On January 22, 1916, said note and mortgage were assigned to the Trustees of Zion Methodist Church, appellees herein. Thereafter interest was regularly paid, tot nothing was ever filed for record to provide for the renewal or extension of the mortgage referred to as Exhibit A.

On July 31, 1941, exactly 34 years after the date of the original noté, the makers gave in redemption of it a new instrument in the form of a chattel mortgage note, made out directly to the Trustees of Zion Methodist Church. In this instrument, where the words “chattel mortgage” occurred, the word “chattel” was crossed out and the words “real estate” written above the line. Where the words “of even date herewith” occurred the words “of even date” were crossed out and the words “of July 31,1907” were inserted above the line. A copy of this instrument was attached to the complaint and designated Exhibit “B.” Allowing *236for the alterations mentioned, the document read substantially as follows:

“ $500.00 July 31st, 1941-

Twelve months after date for value received, we, promise to pay to the order of the Trustees of Zion Methodist Church the sum of Five Hundred and no/100 Dollars, with interest thereon at the rate of 7 per cent, per annum, payable annually. This note is secured by a Beal Estate Mortgage of July 31, 1907 herewith, on W/2 N.E. Sec. Twenty (21) twenty one T. 11 S. B. 5 E containing 80 acres more or less.”

It is admitted in the pleadings that the mortgage described as Exhibit A in the complaint is the mortgage referred to in this instrument.

Indorsements on the reverse of Exhibit B show interest paid to July 31,1943. Shortly prior to this date, both makers had died intestate. Appellees filed this suit for foreclosure, naming as defendants the children of L. W. and Louisa Smith, being their only heirs. Gladys M. Smith as administrator of the estate of L. W. Smith, deceased, was permitted to intervene.

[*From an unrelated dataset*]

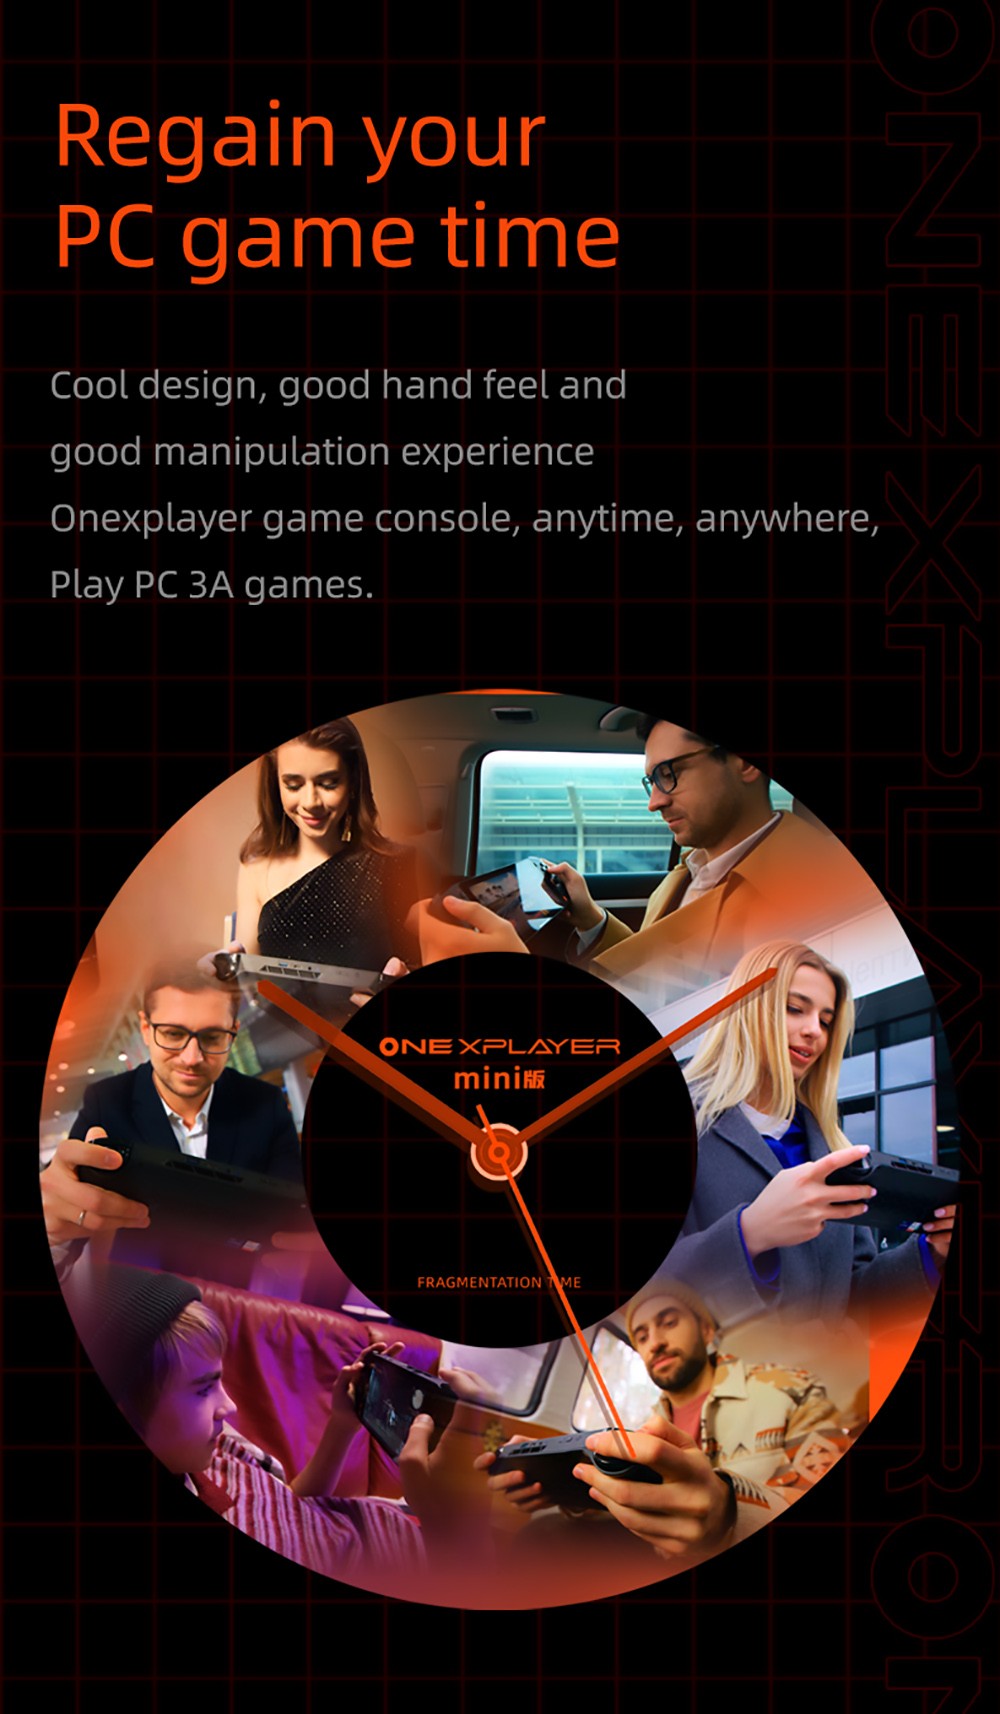 ONE Netbook ONEXPlayer Mini Game Console 7 Inches Touch screen AMD Ryzen 7 5800U CPU, 16GB RAM 2TB SSD WiFi6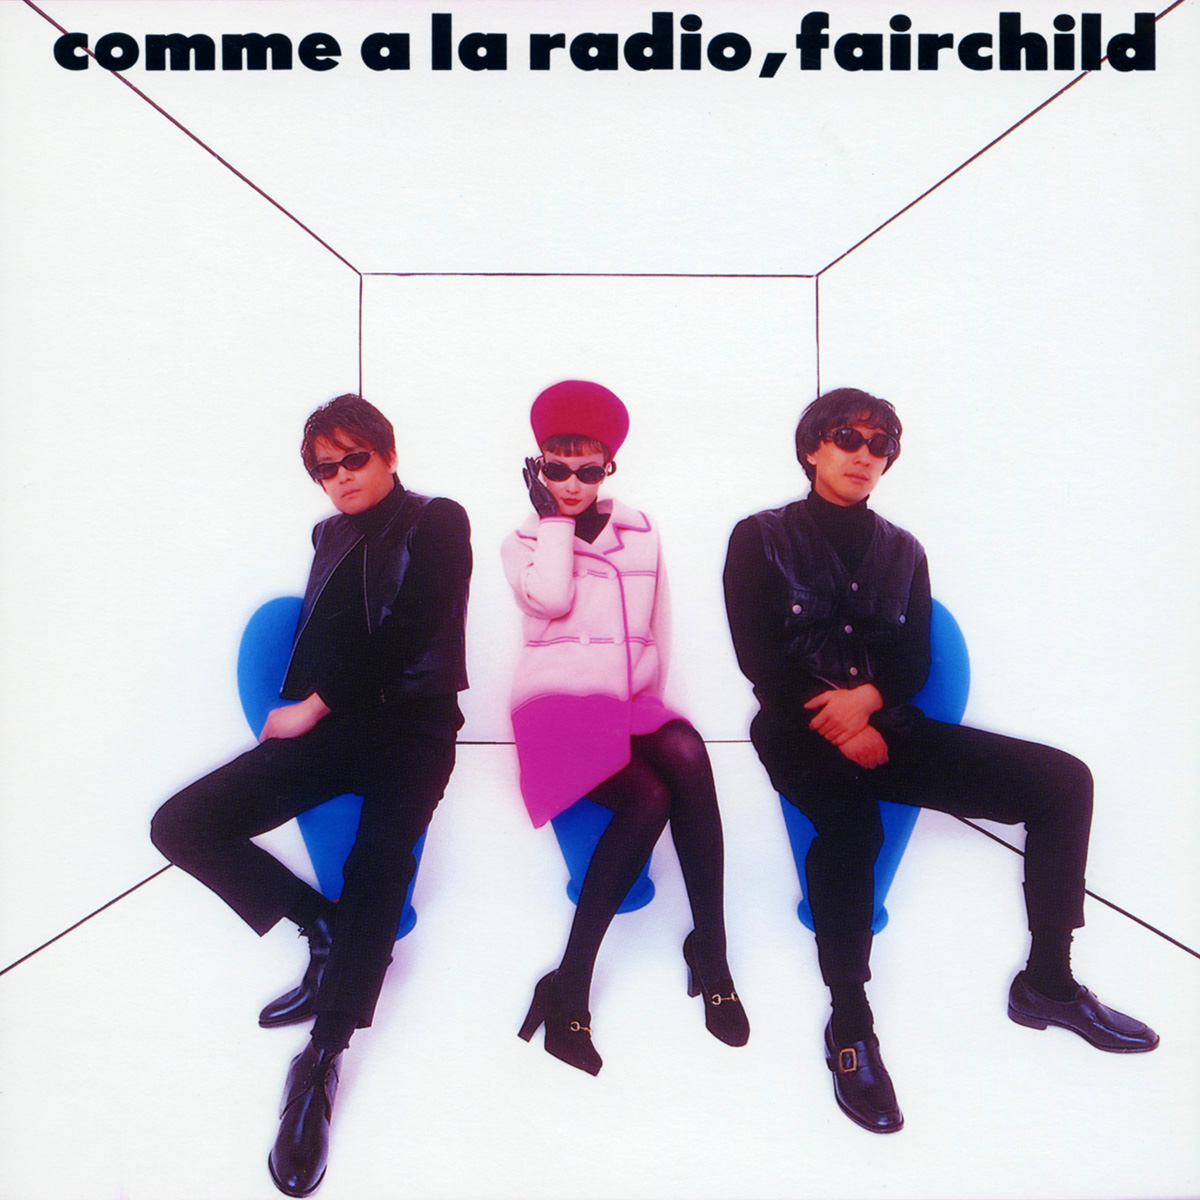 Fairchild “Comme a la Radio”

The answer to the complaint admitted the facts alleged therein, but in effect, denied that the instrument could be enforced as an equitable mortgage. The answer also set up as a defense the statute of limitations, sec. lib, ch. 83, Ill. Bev. Stat. [Jones Ill. Stats. Ann. 107.270(1)]; and. further set forth that O. Y. Smith, one of the defendants, had a claim filed and allowed against the estate, and that there were other allowed claims, including one of the Illinois Public Aid Commission for $1,200, which the plaintiffs admit cannot be paid without resorting to the real estate. All of the essential facts being admitted, no evidence was taken, and the court decided on the pleadings that plaintiffs were entitled to a decree of foreclosure of an equitable mortgage; a decree was entered accordingly. The administrator and the claimant heir appeal.

The doctrine of equitable mortgages is based upon the principle that equity will interpret an agree*237ment according to the intent of the parties as evinced therein, and if not contrary to some positive rule of law or public policy, will give it effect even though it does not meet the technical requirements of the law; hence where an instrument manifests an intent to charge or pledge property as security for a debt, and the property is identified, a lien will be recognized in equity. Pomeroy states the rule thus:

“The form or particular nature of the agreement which shall create a lien is not very material, for equity looks • at the final intent and purpose rather than at the form; and if the intent appear to give, or to charge, or to pledge property, real or personal, as security for an obligation, and the property is so described that the principal things intended to be given or charged can be sufficiently identified, the lien follows.” 3 Pomeroy Equity Jurisprudence, §1237.

The appellants contend this instrument is still insufficient under the quoted rule, because of the reference to a recorded mortgage, and cite 36 Am. Jur. “Mortgages” § 13 as follows:

“An instrument cannot operate as an equitable mortgage if it merely assumes that a lien has been or will be created; it must purport through its own terms and efficiency to create the lien. ’ ’

The above text is supported by Bell v. Pelt, 51 Ark. 433, 11 S. W. 684. That case contains an extensive review of many decisions involving promises to give a lien in the future, and others involving letters or documents referring to some supposed lien instrument which did not in fact exist. In our opinion, such circumstances are materially different from the case before us, and the deduced principle, though correct in such cases, has no application here.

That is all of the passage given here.